These institutions were the basis not only for the democratic rule of the workers in the early years of the revolution, but also for the rule of the Stalinist usurpers. This is why even the Stalinists are at times forced to defend those economic foundations from capitalist forces. But Trotsky argued that the methods used by the Stalinists in defense of the Soviet Union are inherently inadequate. The Soviet power could only be saved in the last analysis by a broadening of workers democracy and a further unfolding of the international revolution. Precisely because the bureaucracy could only consolidate its rule by undermining proletarian democracy and strangling world revolution, it would prove incapable of defending the Soviet Union in the long run. The Stalinist bureaucracy was therefore an inherently unstable social formation, with no independent historical role to play. It would either be overthrown by the international bourgeoisie, or by the Russian workers. If the second, optimistic variant came to pass, then Stalinism, in Trotsky’s words, would be remembered as nothing more than an ‘‘abhorrent relapse’’ on the road to socialism. Trotsky thought that, in this regard, World War II would provide the decisive test.
Well, the relapse has undeniably been a little more drawn out than any of us would like. World War II did not prove to be as decisive a test as Trotsky thought it would. The Stalinist bureaucracy was not overthrown either by Hitler or the Russian workers. Furthermore, the postwar period saw the extension of regimes similar to Stalin’s Russia to new parts of the world. These latter developments posed a host of theoretical problems for Trotsky’s followers. Trotsky had of course, assumed that the proletariat was the only social class that could bring into being collectivized ownership. But not only were the new Soviet-style states of the postwar period not run by the workers, the working class played almost no part in creating them.
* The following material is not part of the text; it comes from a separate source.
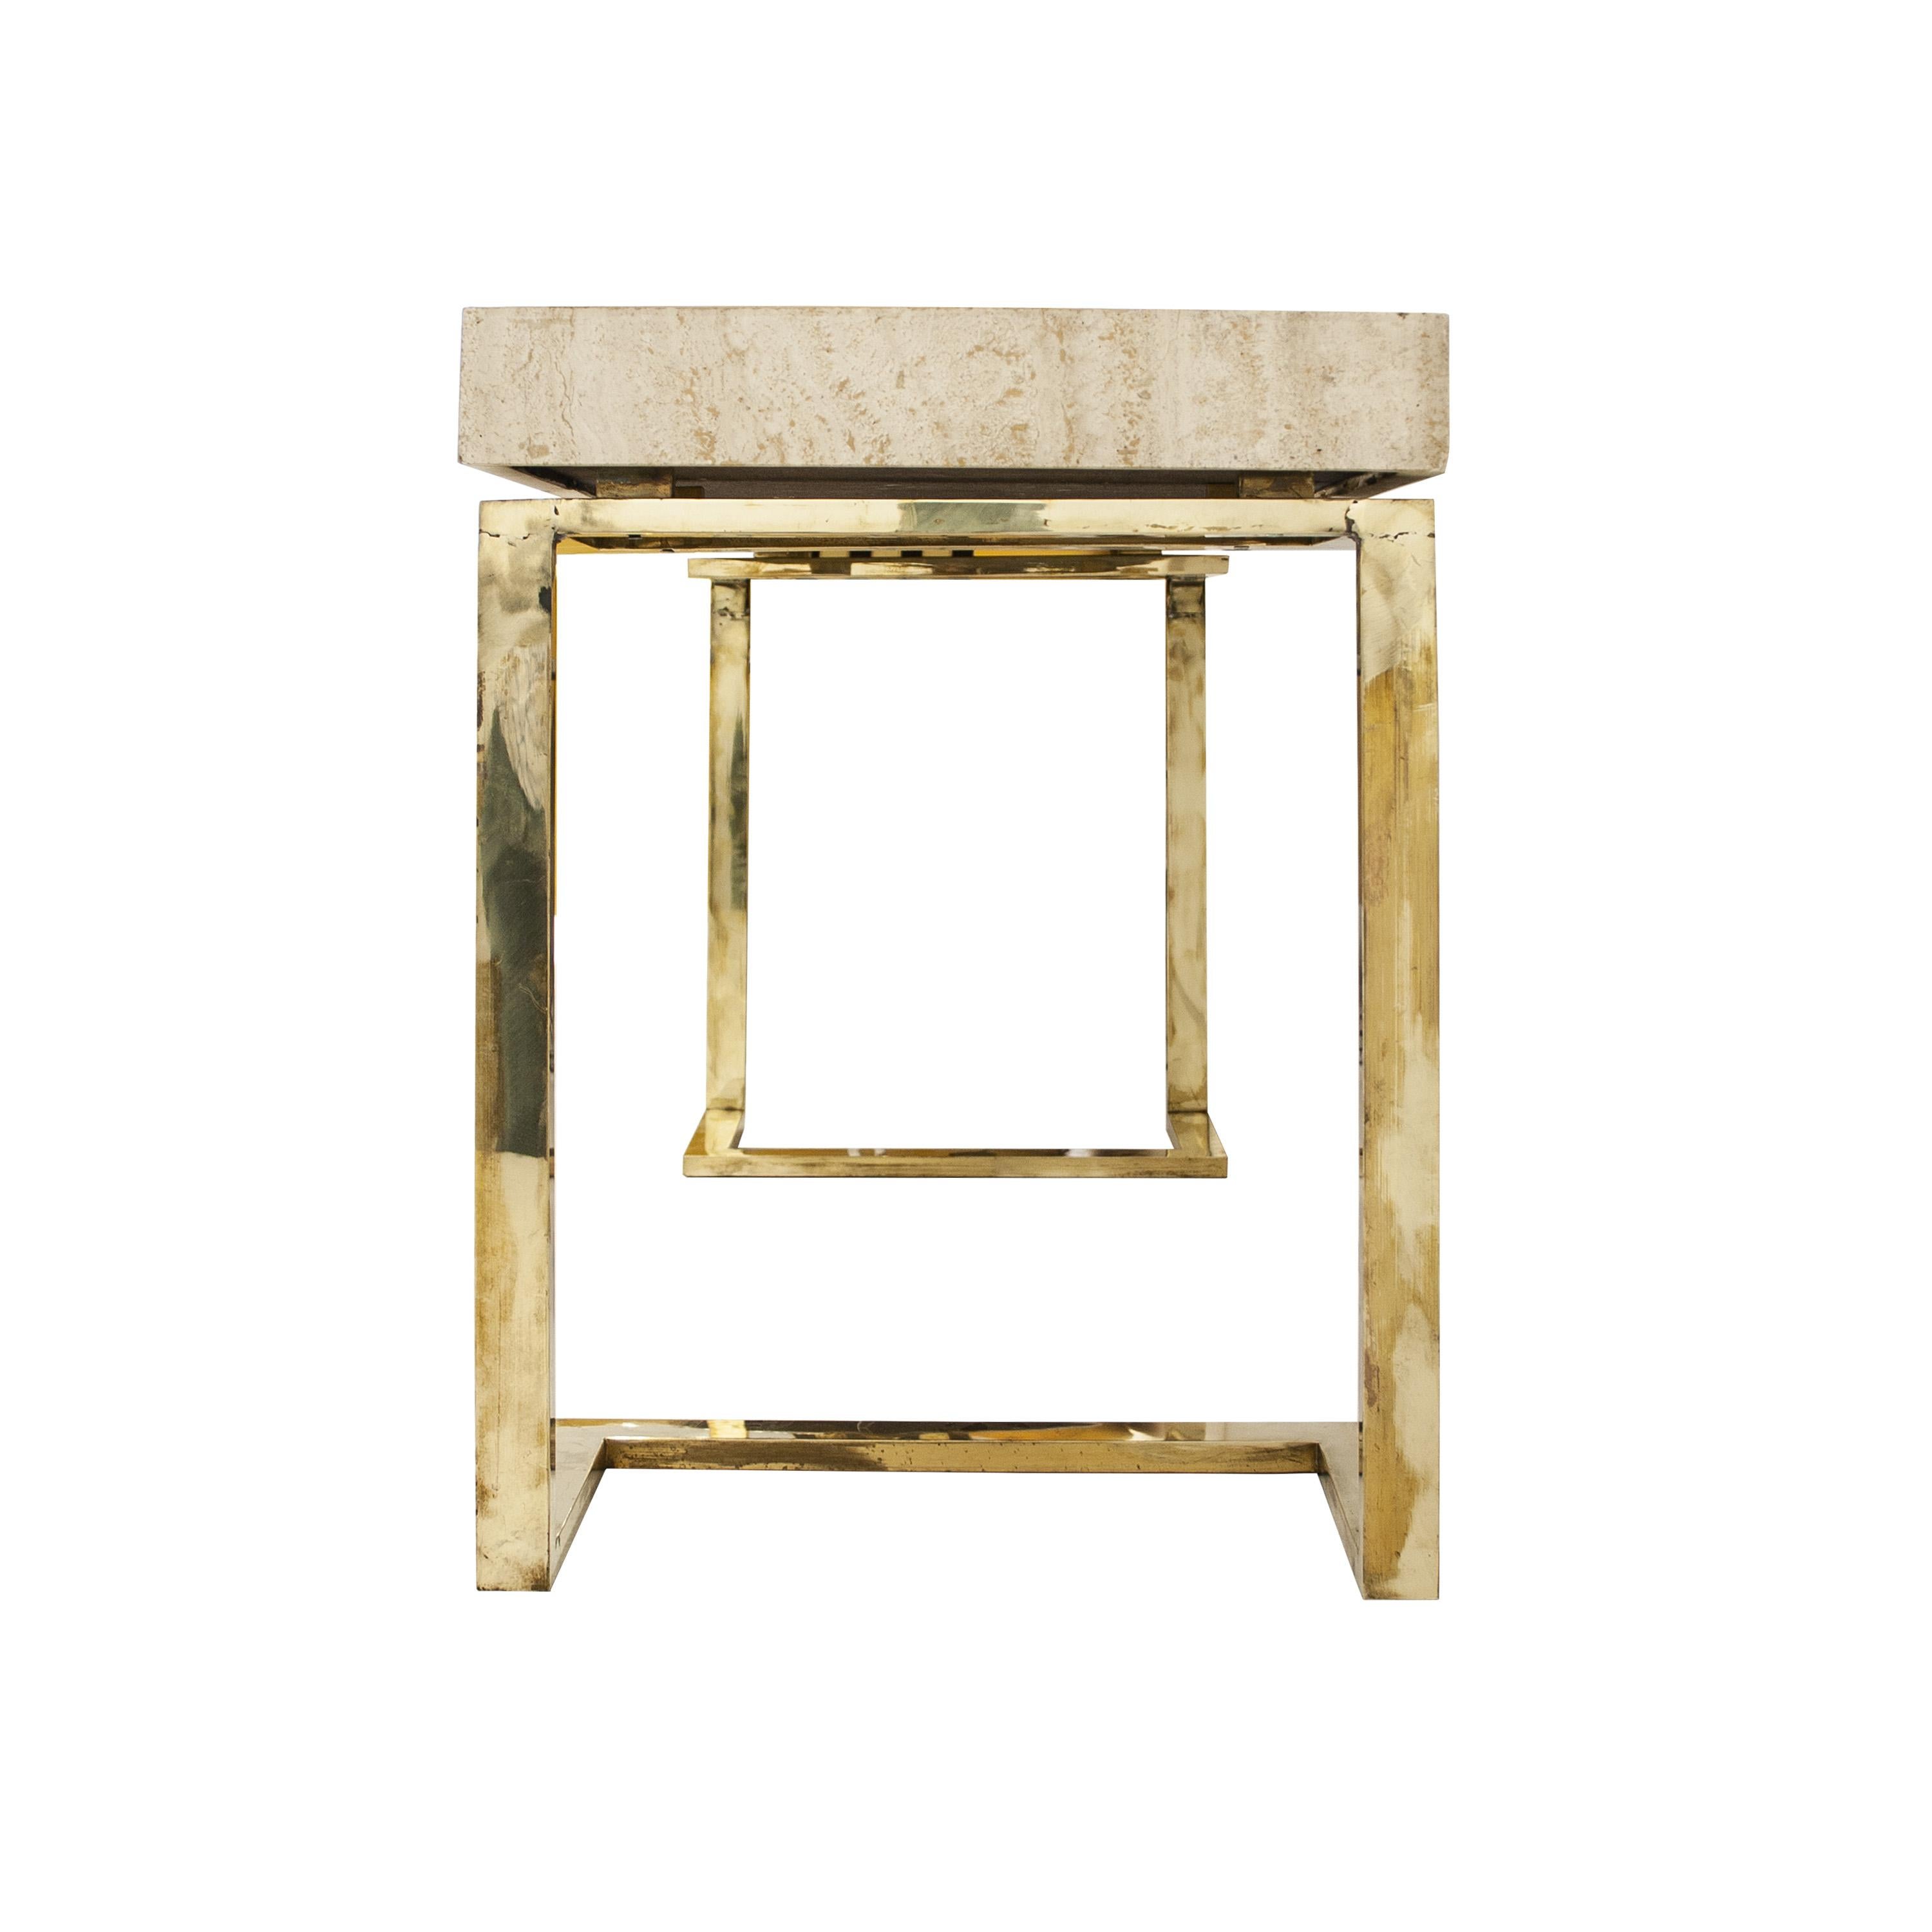 Italian Modern Console Table with Travertine Top and Brass Chromed Base, 1970, Italia For Sale
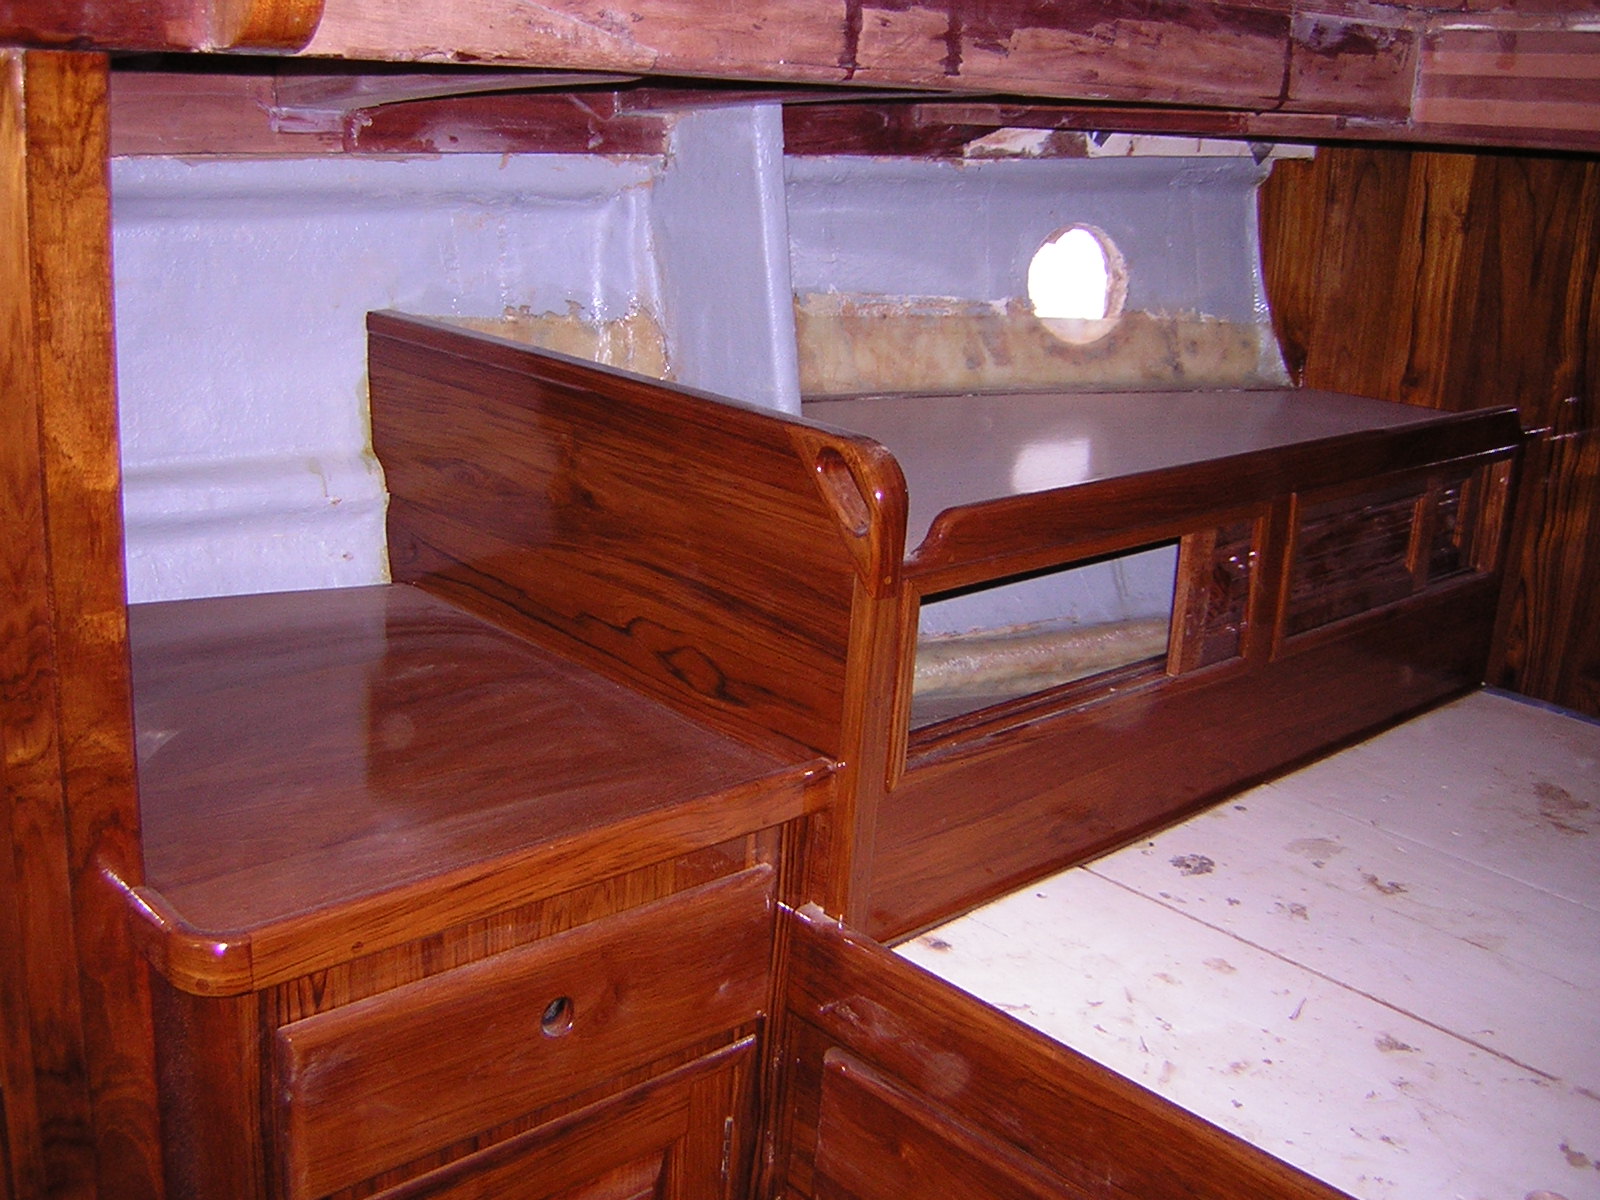 Aft Bunk Starboard, Varnished; May 16th, 2007

They were brought about either by the intervention of Russian tanks, as in most of Eastern Europe, or by the triumph of peasant-based armies led by the Stalinists, as in China and Yugoslavia. By what logic could they still be called workers states?
These postwar developments also raised an equally significant and related question. Assuming that collectivized property could be brought about by non-proletarian forces, was it not necessary to reassess the entire Marxist tradition regarding the revolutionary role of the proletariat? Had not the Soviet bureaucracy and various third-world peasant leaders proven themselves adequate to the historical task that Marxists had always assigned to the working class? Those who answered these questions in the affirmative came to comprise a trend called Pabloism. (The comrades of the LRP accuse us of being Pabloists, an accusation we of course reject.) These are the questions that perplexed Trotsky’s followers in the aftermath of the Second World War and continue to confound many self-proclaimed Trotskyists today.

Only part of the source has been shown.